American pacifist, vegetarian, suffragist and managing editor

Agnes Edna Ryan (November 10, 1878 – 1954) was an American pacifist, vegetarian, suffragist and managing editor of Woman's Journal, 1910-1917.

==Biography==

Agnes Edna Ryan was born in Stuart, Iowa, to Edward and Mary A. Ryan. She had two siblings, John and Katherine Ryan.

Graduating from Boston University in 1903, Ryan went on to work for the Riverside Press in Cambridge, Massachusetts, and as a staff member of the Congregationalist and National magazines, as well as the Boston American. In 1910, she became managing editor of a suffrage publication, the Woman's Journal. In 1915, Agnes E. Ryan married Henry Bailey Stevens, who worked as the assistant editor for the Woman's Journal.

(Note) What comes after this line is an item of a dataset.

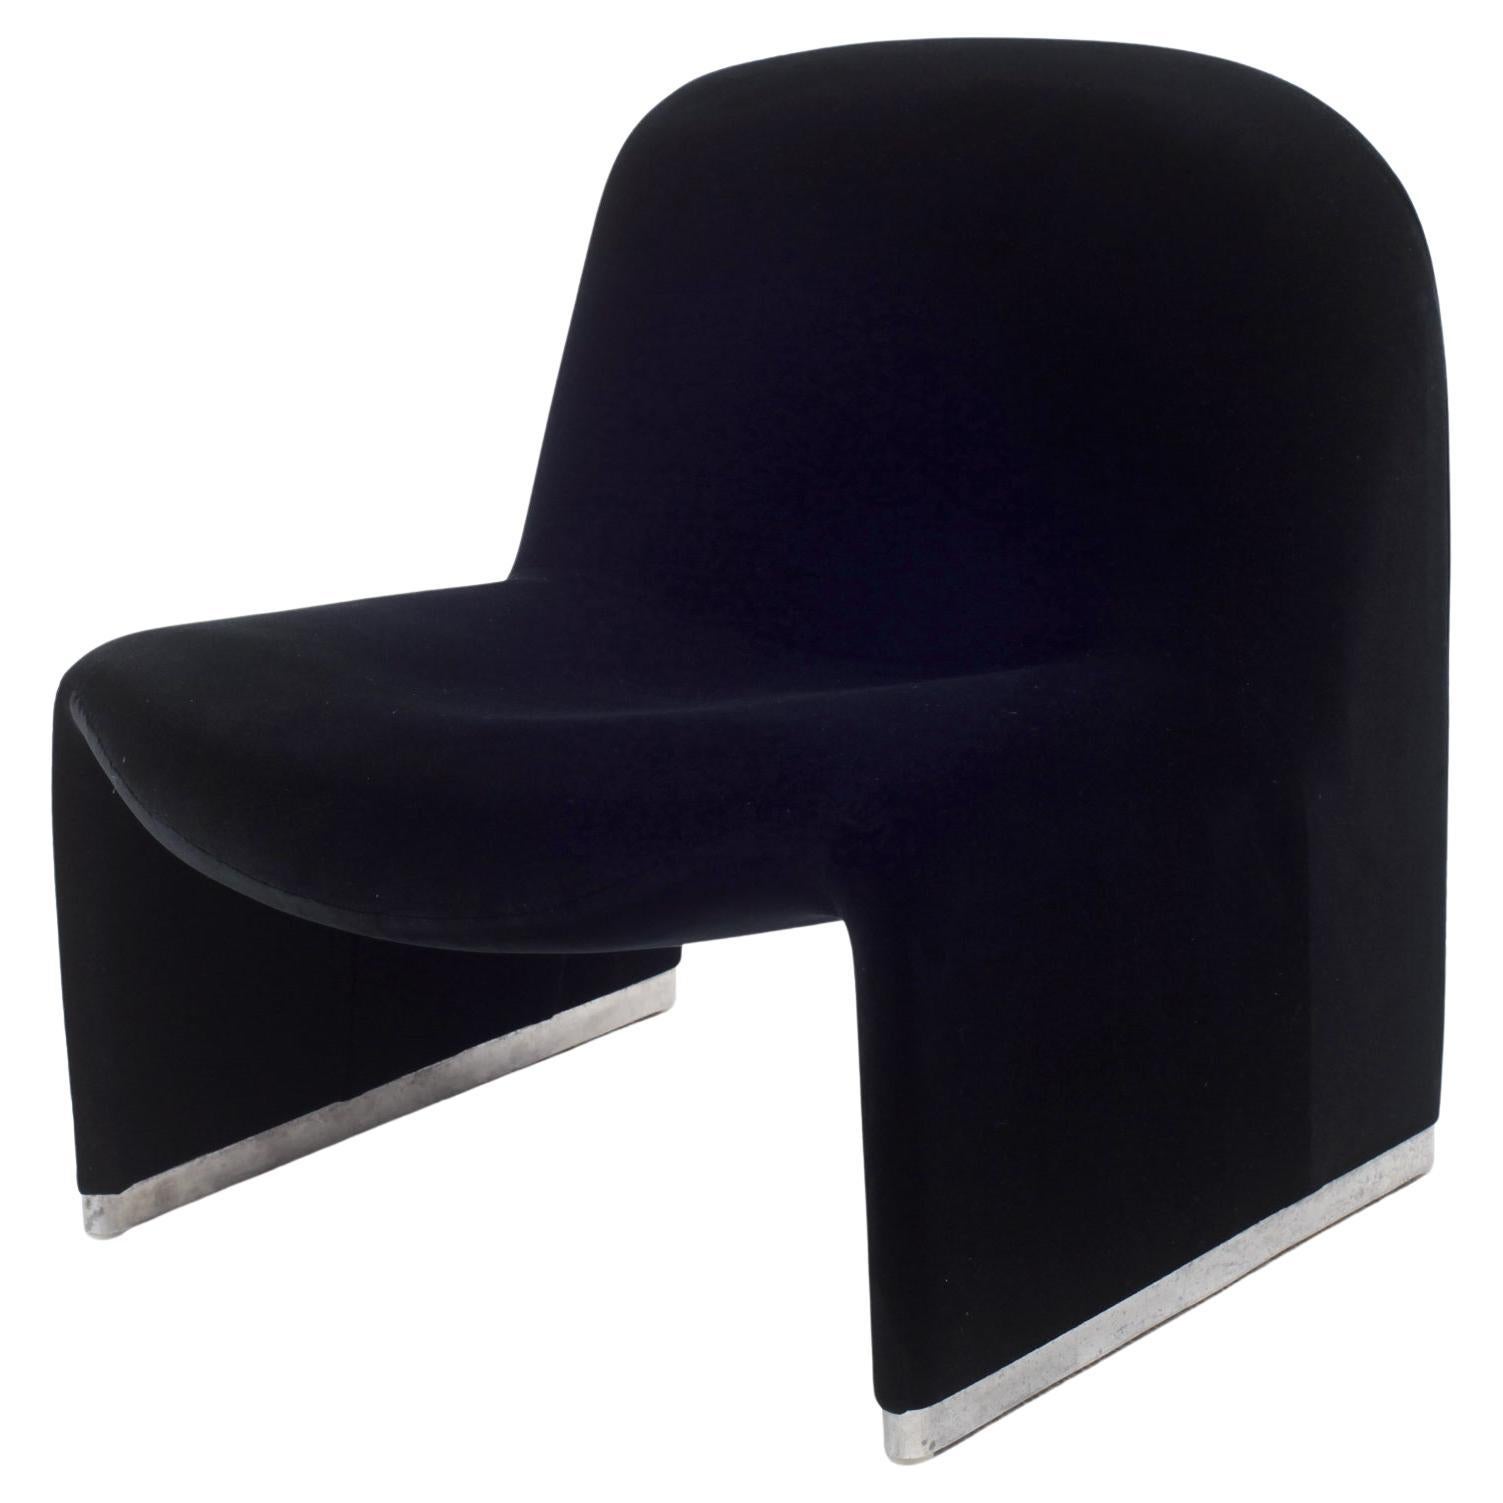 Giancarlo Piretti “Alky” Chair in New Black Velvet, for Castelli Italy, 1970s

In order to keep her last name, she went to court and successfully challenged the law that required women to take their husband's last name. The couple adopted two children, Peter and Patricia.

In 1917, Ryan and Stevens resigned from the Woman's Journal in part because of their opposition to World War I. In 1918, when Henry accepted a job in Durham, N.H., as the director of the Agricultural Experiment Station and Cooperative Extension Service at the New Hampshire College of Agriculture and the Mechanic Arts, later the University of New Hampshire, Agnes followed, organizing the New Hampshire Peace Union, writing poetry, becoming active in the MacDowell Colony of Peterborough, New Hampshire, and serving as a speaker for the Women's International League for Peace and Freedom.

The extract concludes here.